Cette audace n’est plus à prouver, après s’être étalée à plusieurs reprises sur les podiums féminins des Fashion Weeks. Mais elle a pris une autre tournure dernièrement. Avec ”Untitled ( ) Individual”, sa collection Automne/Hiver 18-19, Ground Zero a en effet lancé l’Homme. Et assume désormais parfaitement sa mode gender neutral. “Nous attendions juste le bon timing”, justifie Philip, pointant de meilleures ressources et l’accroissement de sa visibilité en Chine pour opérer ce virage. Avec la collection Printemps/Été 19 qu’il nous dévoile aujourd’hui, Ground Zero montre qu’il poursuit sur cette lancée.
Les deux designers ont puisé pour l’occasion dans les films de gangsters hongkongais et la dynamique du quartier rouge de la ville, où se croisent mafieux et fashionistas, touristes et locaux, pour créer un mélange bien particulier, qui flaire bon les 90’s. “Nous avons grandi au cours de cette période et ce fut également un grand moment pour Hong Kong. Il y avait beaucoup de cultures émergentes, le secteur du divertissement était très prospère, avec beaucoup de super stars que nous aimions, et qui nous ont fait tomber amoureux de la mode“, analyse Philip.

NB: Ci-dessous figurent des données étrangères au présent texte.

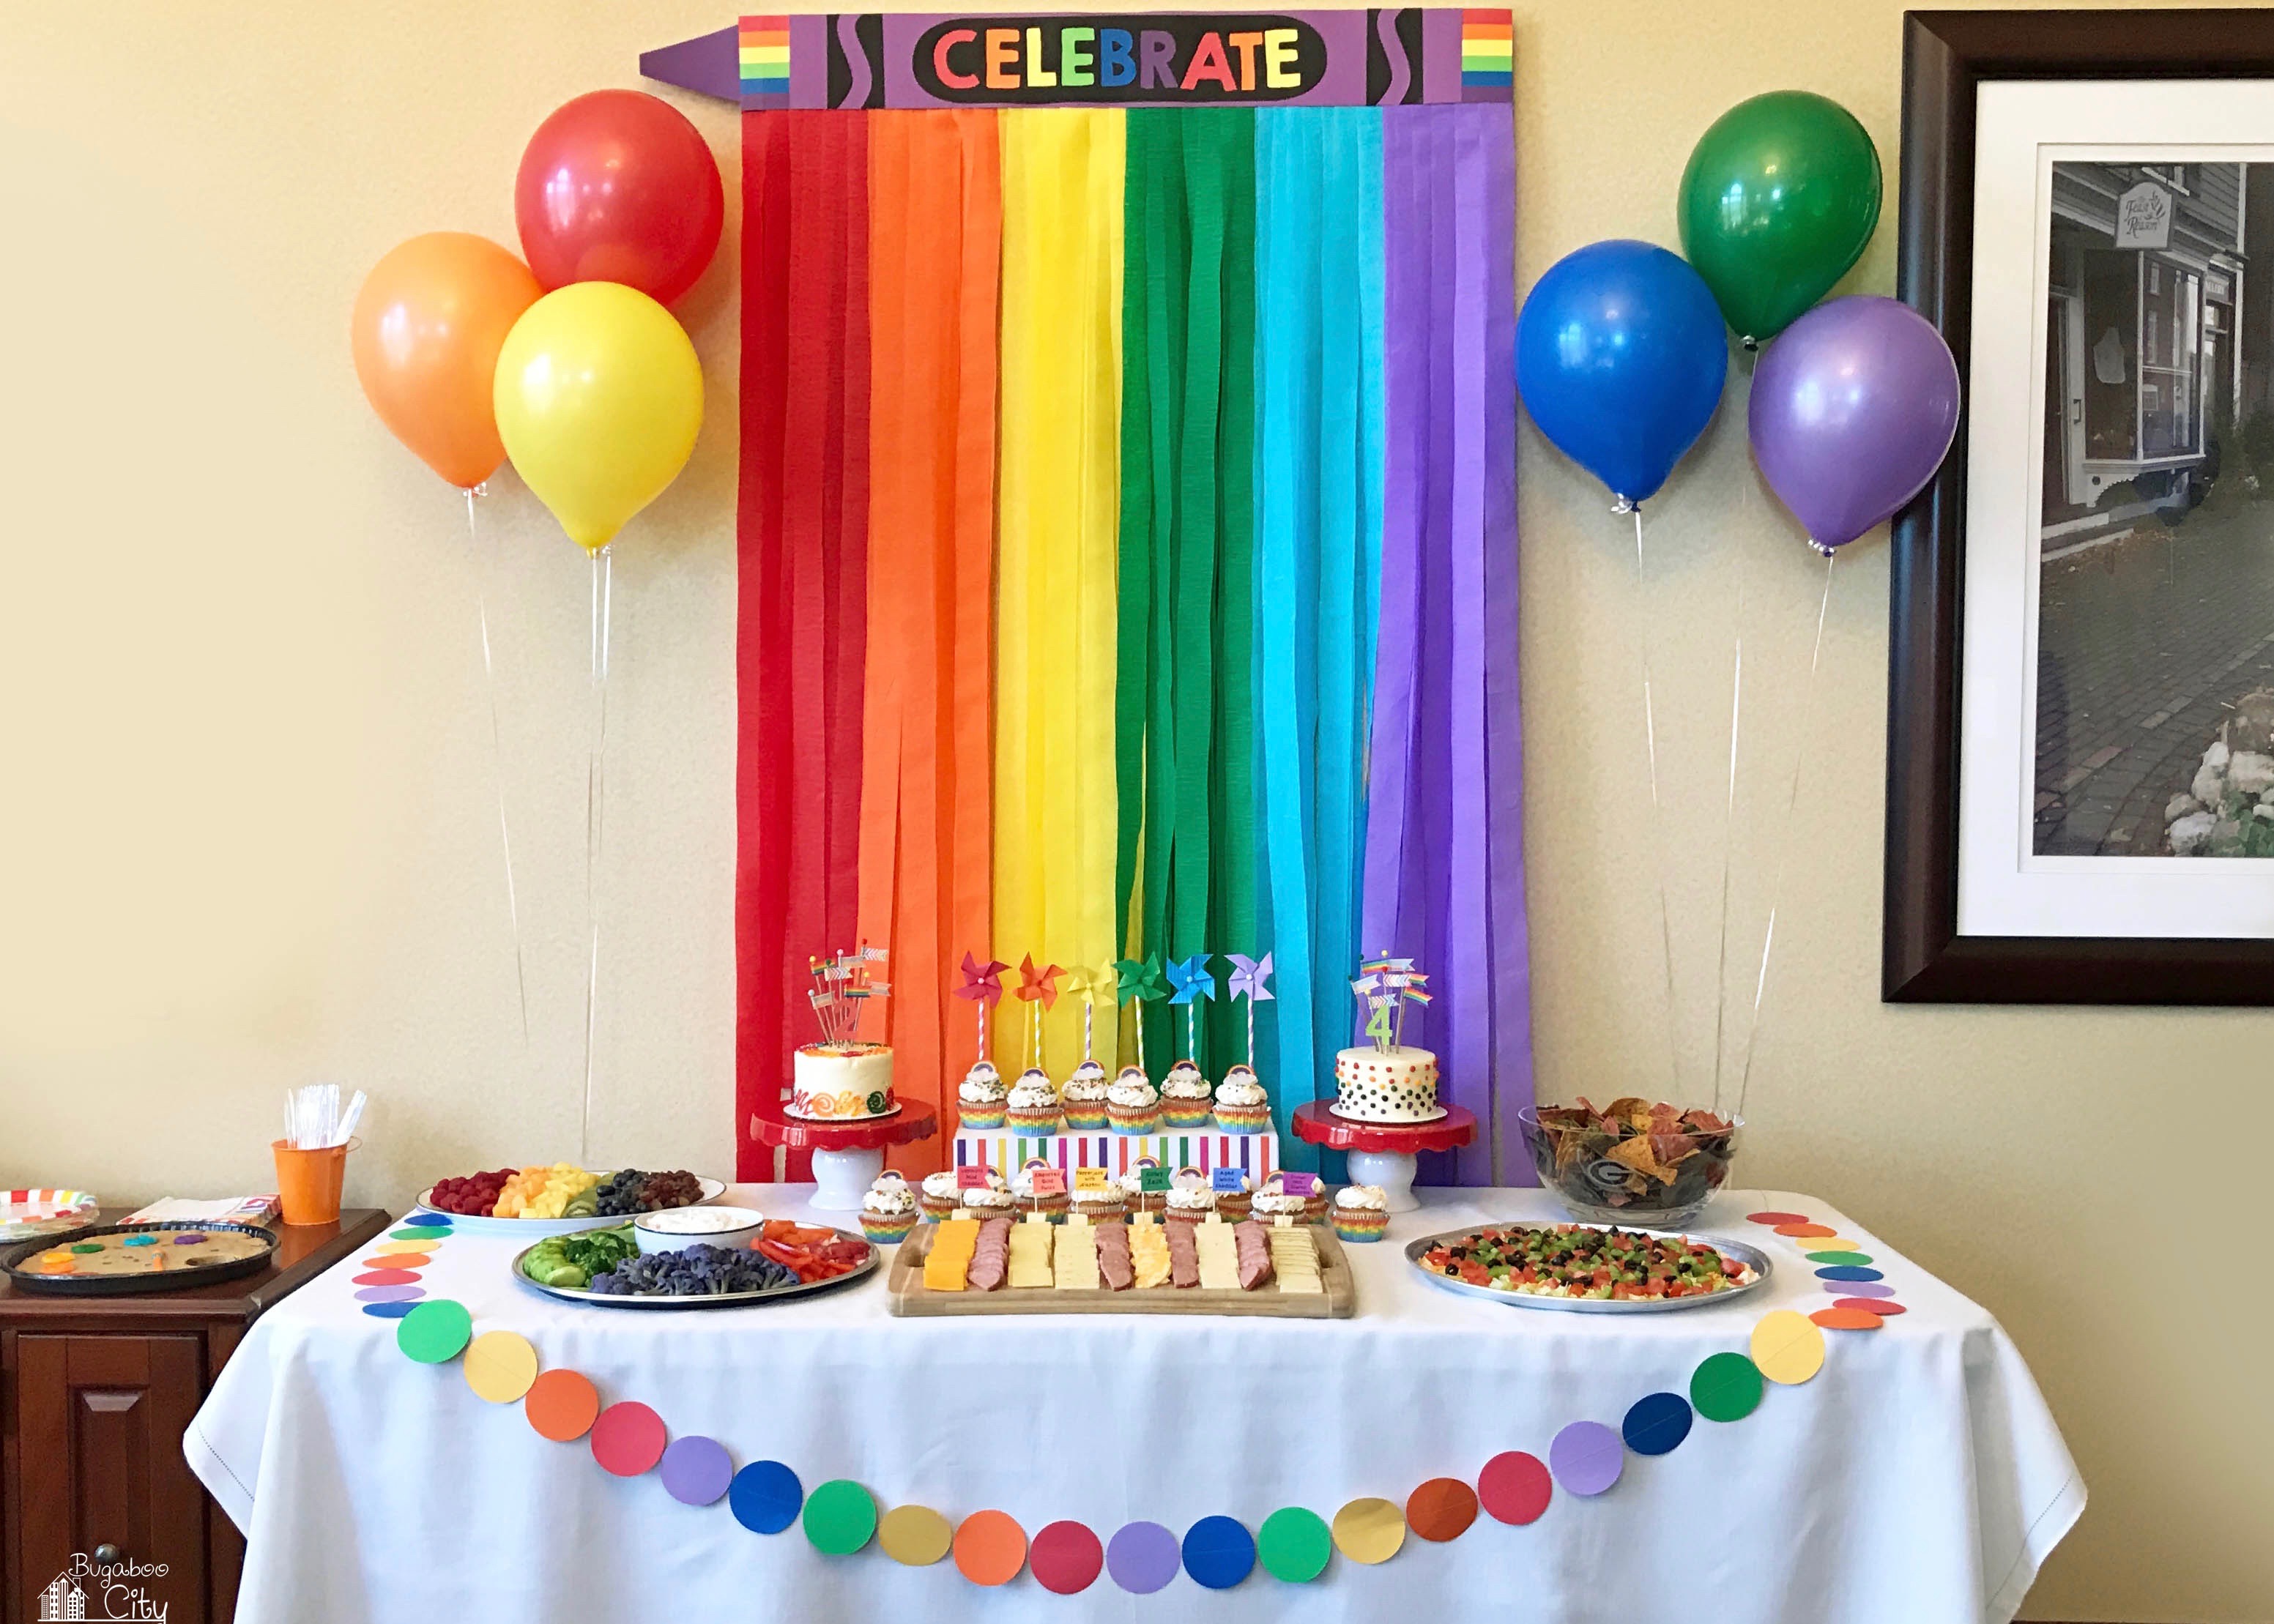  A rainbow of streamers serve as backdrop for a birthday party decorated in rainbow theme with personalized touches like a name banner, rainbow balloons, and a cake with rainbow sprinkles.

Les pièces normcore déstructurées, à l’image d’un costume ample ou d’un denim customisé, des imprimés pop culture/kitsch et des coupes oversize, autant de références à la période phare des créateurs, qui servent leur vision du streetwear. Parce que c’est bien de streetwear dont les frères Chu entendent parler ici, à travers ce qu’ils conçoivent de réinterprétations de la vie quotidienne. Philip l’assure, “le streetwear donne une expression propre à la jeunesse“. Avec Ground Zero, il entend lui offrir en supplément une bonne dose de caractère.